The Title I, Part A grant program is the largest source of NCLB funding for school districts and is one of the five programs authorized at specific levels through fiscal year 2007. (In 2008, Congress voted to extend the 2007 authorization level into 2008, but has not done so since.) In the past, most reauthorizations of the Elementary and Secondary Education Act have not included specific year by year authorization levels. Instead, the legislation has set an authorized funding level for the first year and "such sums as may be necessary" for succeeding years.

Source: Elementary and Secondary Education Act, U.S. Dept. of Education Budget Tables

Since 2001, traditional federal appropriations for Title I have remained fairly flat, while the authorized levels in the legislation increase by $2 billion to $2.5 billion each year. As a result, Title I appropriations have become a smaller and smaller percentage of the authorized levels since NCLB's passage-from 76% of the authorized level in Fiscal Year 2002 to 56% of the authorized level in fiscal year 2008, the last year for which an authorization level was provided by the law.

"Unfunded Mandates"

Because states are required to fulfill extensive accountability requirements to receive NCLB funding, they have argued, unsuccessfully, that NCLB is an "unfunded mandate." For example, the State of Connecticut sued the federal government in 2005 for allegedly requiring the state to spend millions of state dollars on additional NCLB testing. A federal judge dismissed Connecticut's lawsuit on jurisdictional grounds, effectively ending the state's challenge.

However, NCLB does not mandate that states participate in the program. All requirements are a condition of funds. While a state may struggle financially without federal education funding, it could choose to opt out of NCLB and the requirements it includes. As a result, it is inaccurate to refer to NCLB as an "unfunded mandate." The law's requirements only apply to those states that voluntarily elect to participate.

"Under-funding" and NCLB

When NCLB was passed, the Department of Education assured states that federal funding would cover a significant portion of the costs associated with the law's new requirements. These new costs-for test administration, data collection, and school improvement reforms-have been significant. States often claim that NCLB is "under-funded" due to evidence that the federal government has not adequately supported these implementation costs. A Government Accountability Office report estimated the additional implementation expenditures states would see from 2002-2008, which varied depending on the type of test states used.
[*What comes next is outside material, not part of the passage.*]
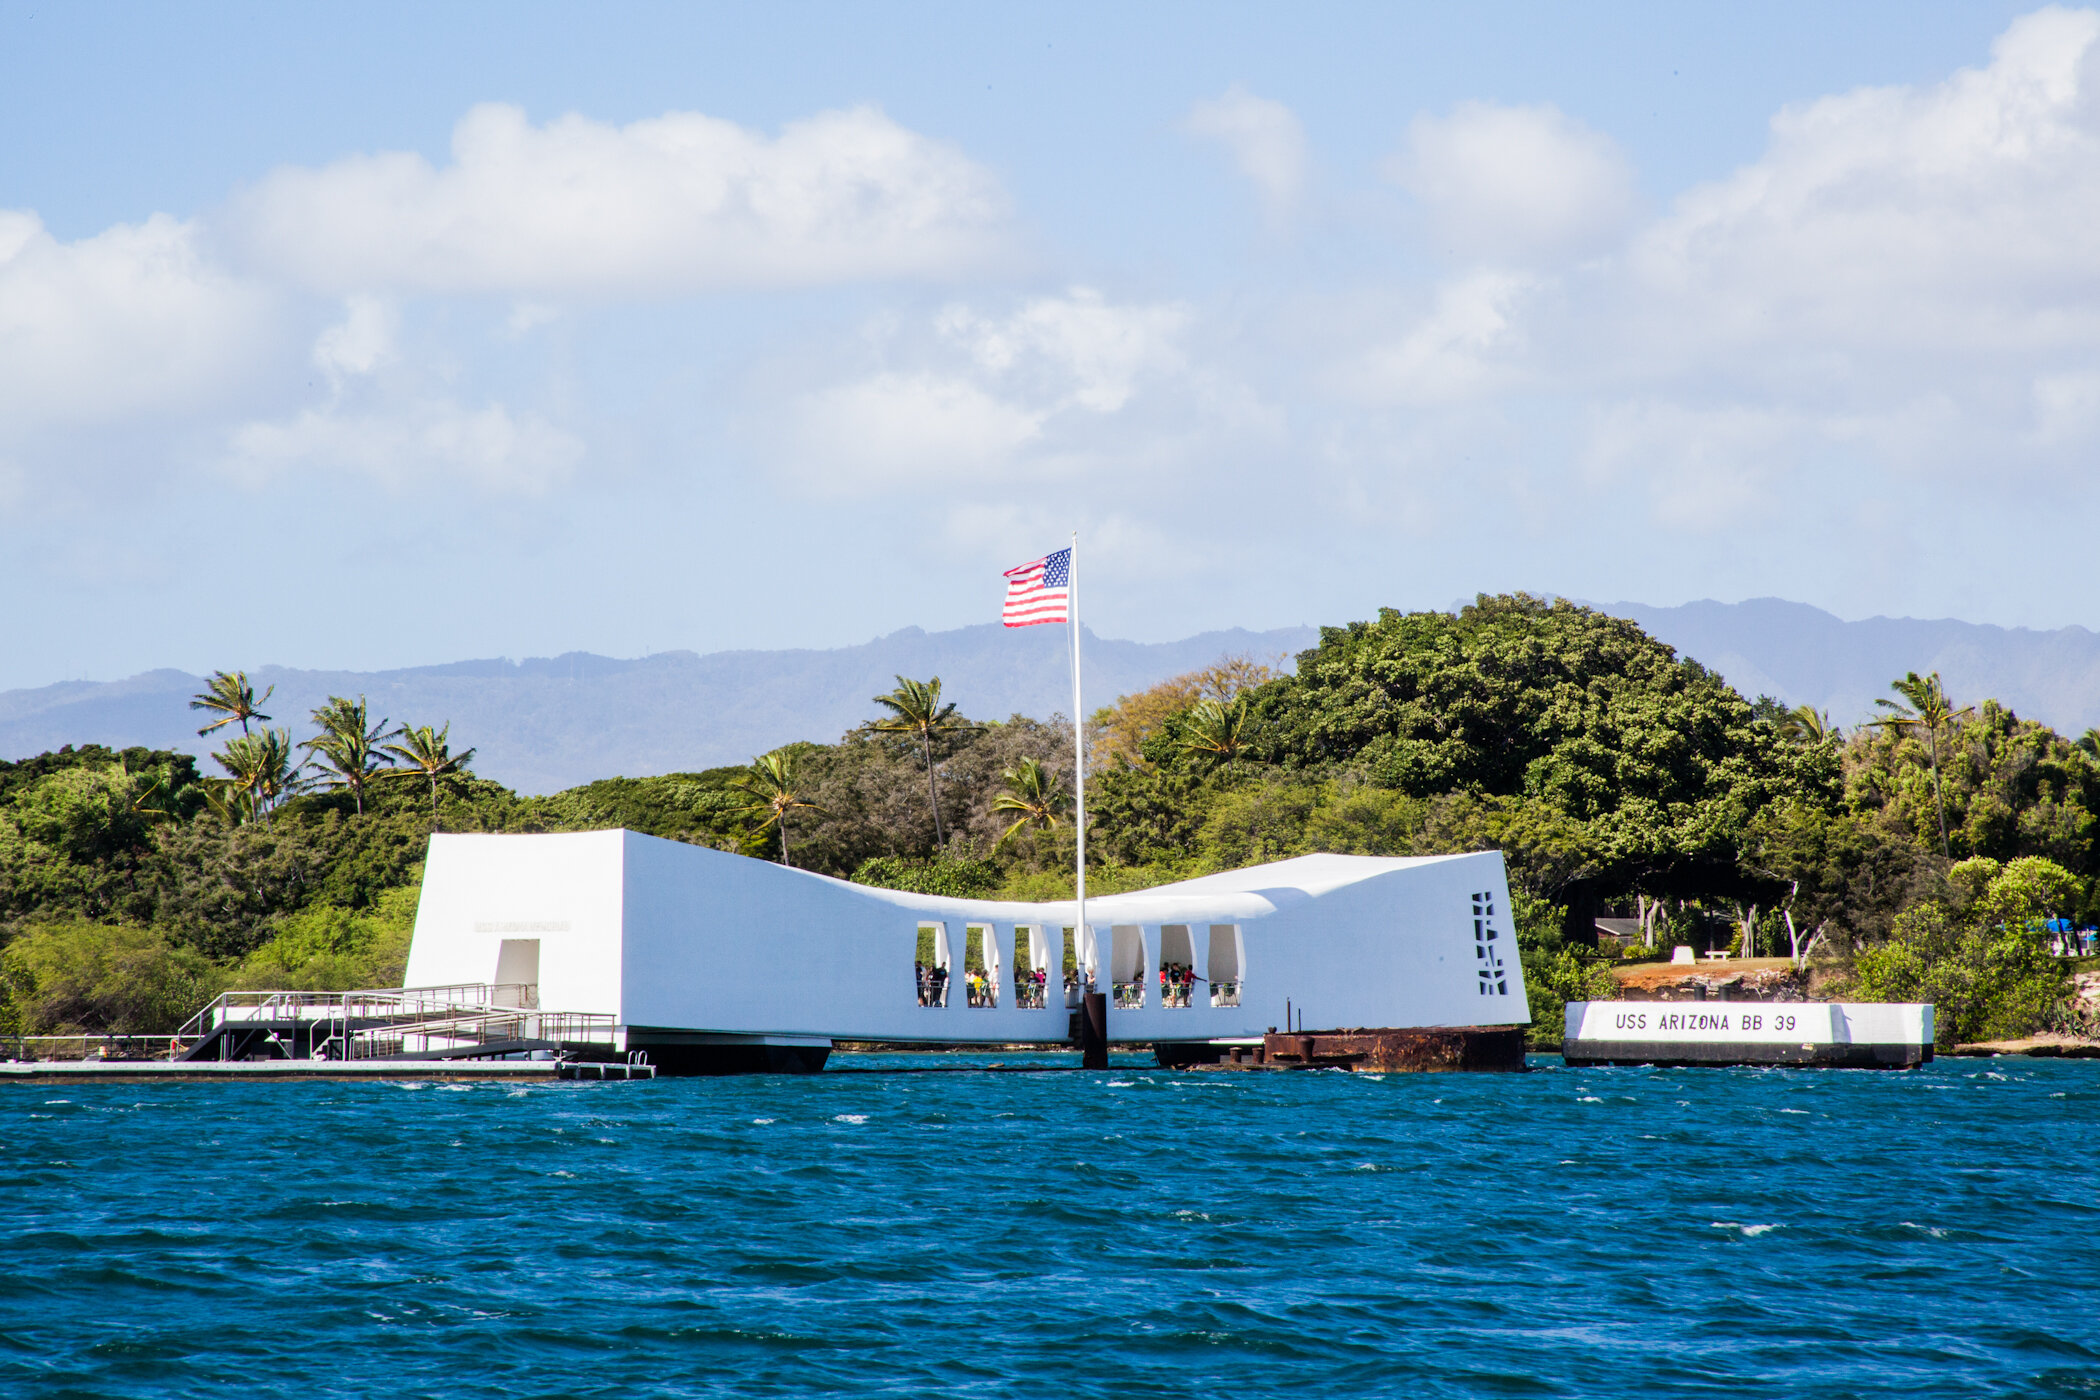 * Salute to Pearl Harbor by Waikiki Trolley

Source: Government Accountability Office, 2003

Several state legislatures have requested estimates of the total cost of fully implementing NCLB and reaching the legislation's goal of 100 percent proficiency by 2014 in their state. In Ohio, for example, a study estimated that the state would have to spend about $1.5 billion more on education each year to meet NCLB's additional accountability requirements and achievement goals.